On incomplete conversion: The Magisterium consistently teaches that Baptism initiates a lifelong process of conversion (metanoia). Lumen Gentium (§40) calls all the baptized to "perfect holiness." Simon's trajectory is a scriptural icon of a faith that begins authentically but remains arrested at the level of the self.
Simon's story is uncomfortably contemporary. Western culture is saturated with figures who generate "amazement"—influencers, self-help gurus, charismatic personalities in and outside the Church—who command attention by making themselves appear as conduits of extraordinary power or wisdom. Catholics are not immune to confusing spiritual celebrity with sanctity, or spectacular gifts with genuine holiness. Philip's approach is the antidote: he preaches not himself but "the Kingdom of God and the name of Jesus Christ." The question Simon's story poses to every baptized Catholic is not "Am I amazed?" but "In what—or in whom—is my faith ultimately anchored?" It also offers an honest pastoral realism: Baptism is the beginning, not the summit, of conversion. Many Catholics receive the sacraments but remain, like Simon, on the level of the spectacular—attached to what God's power can do for them rather than surrendered to who God is. The response is not cynicism about the sacraments but a renewed commitment to ongoing metanoia, prayer, and the slow interior work of letting Christ displace the self from the center.

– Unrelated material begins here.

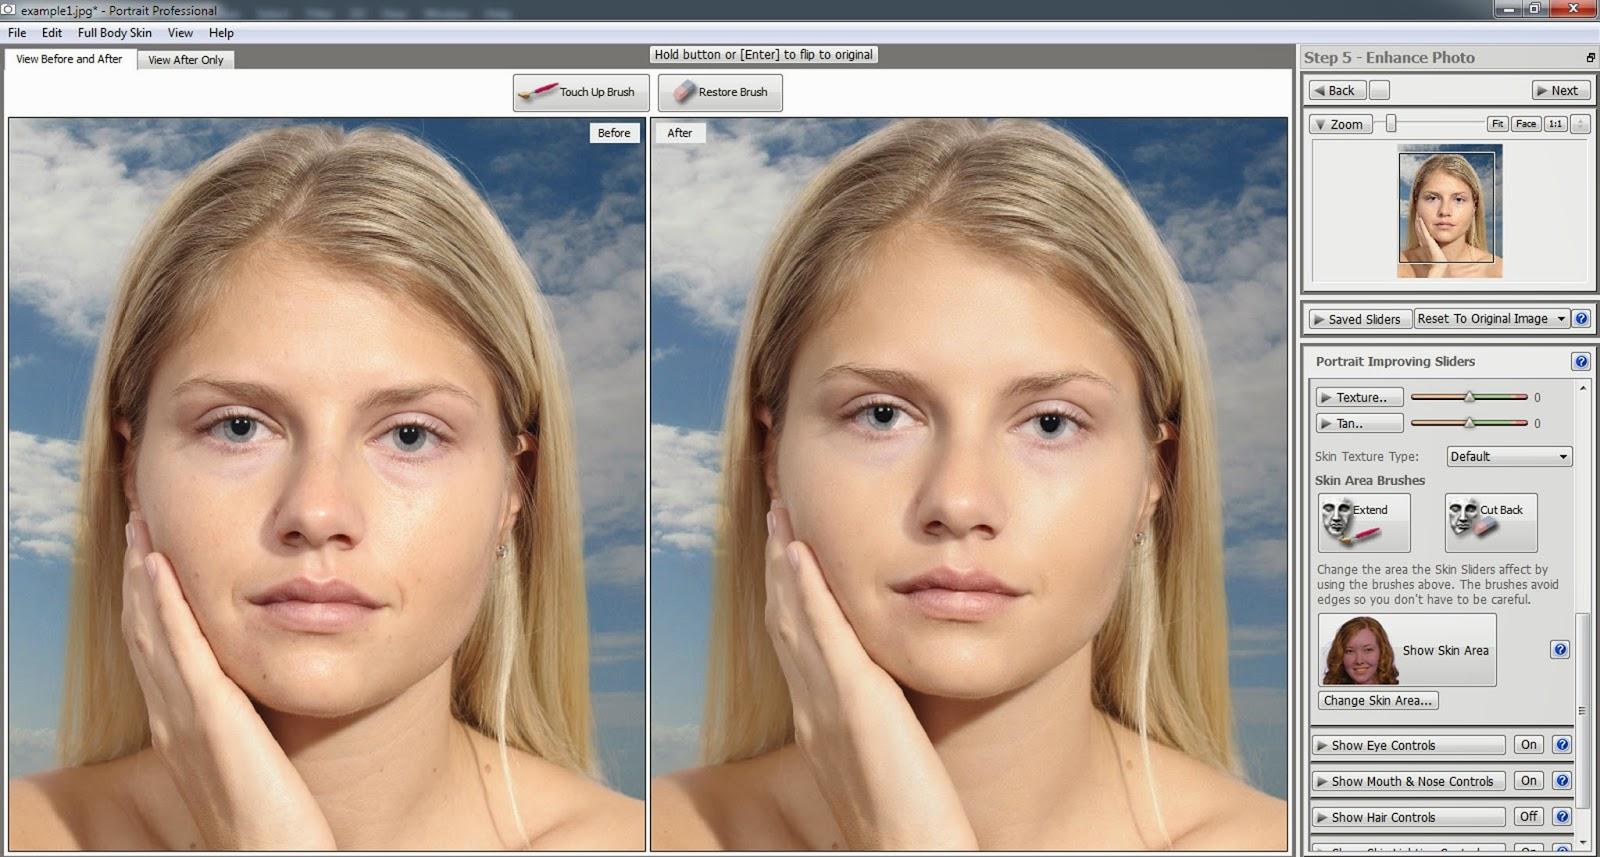 10 Cara Menghaluskan Kulit Wajah Cepat Secara Alami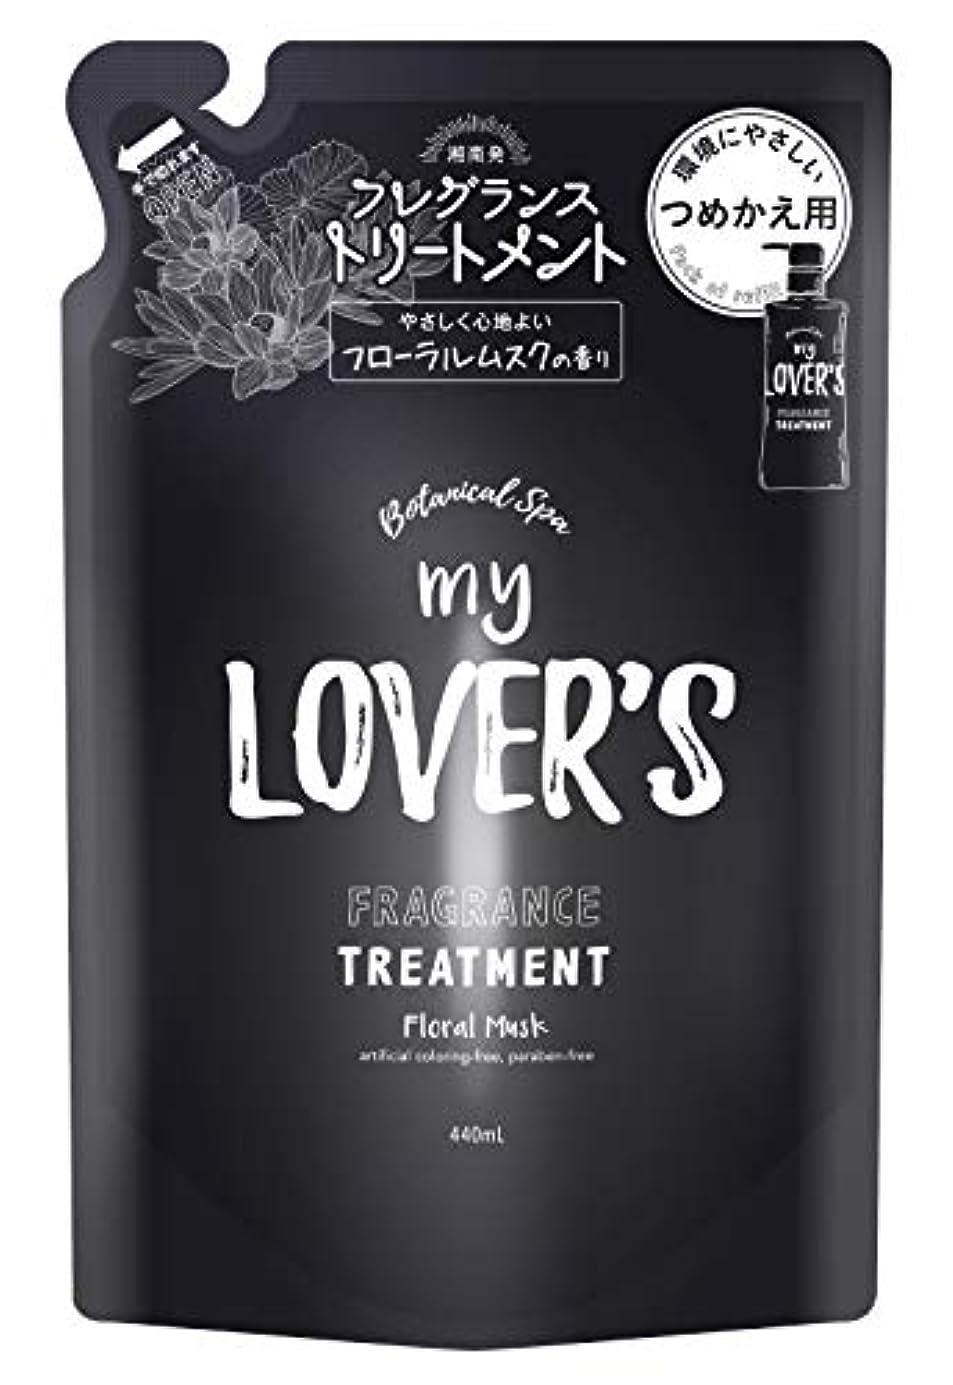 読者列車息切れ湘南スタイル my LOVER'S フレグランストリートメント フローラルムスクの香り つめかえ用 440mL 4573412160205

Verse 13 — Simon's ambiguous conversion "Simon himself also believed (episteusen) and, being baptized, continued with Philip." At the surface level, Simon undergoes genuine Baptism. Luke uses the same vocabulary for his belief as for the other Samaritans. Yet the final clause—"seeing signs and great miracles occurring, he was amazed"—introduces an undercurrent of unease. Simon's faith seems anchored in the spectacular. He was a man of power; now he attaches himself to a greater power. The Greek existánōn here is singular and personal: he is amazed, where before he had been the one who amazed others. The reversal is pointed. His amazement is at the miracles, not explicitly at the Gospel of the Kingdom. The seeds of the coming episode (vv. 18–24), in which Simon attempts to purchase the Holy Spirit, are already sown in this detail. His Baptism is real; his conversion is incomplete—a warning about the difference between sacramental incorporation and full metanoia of heart.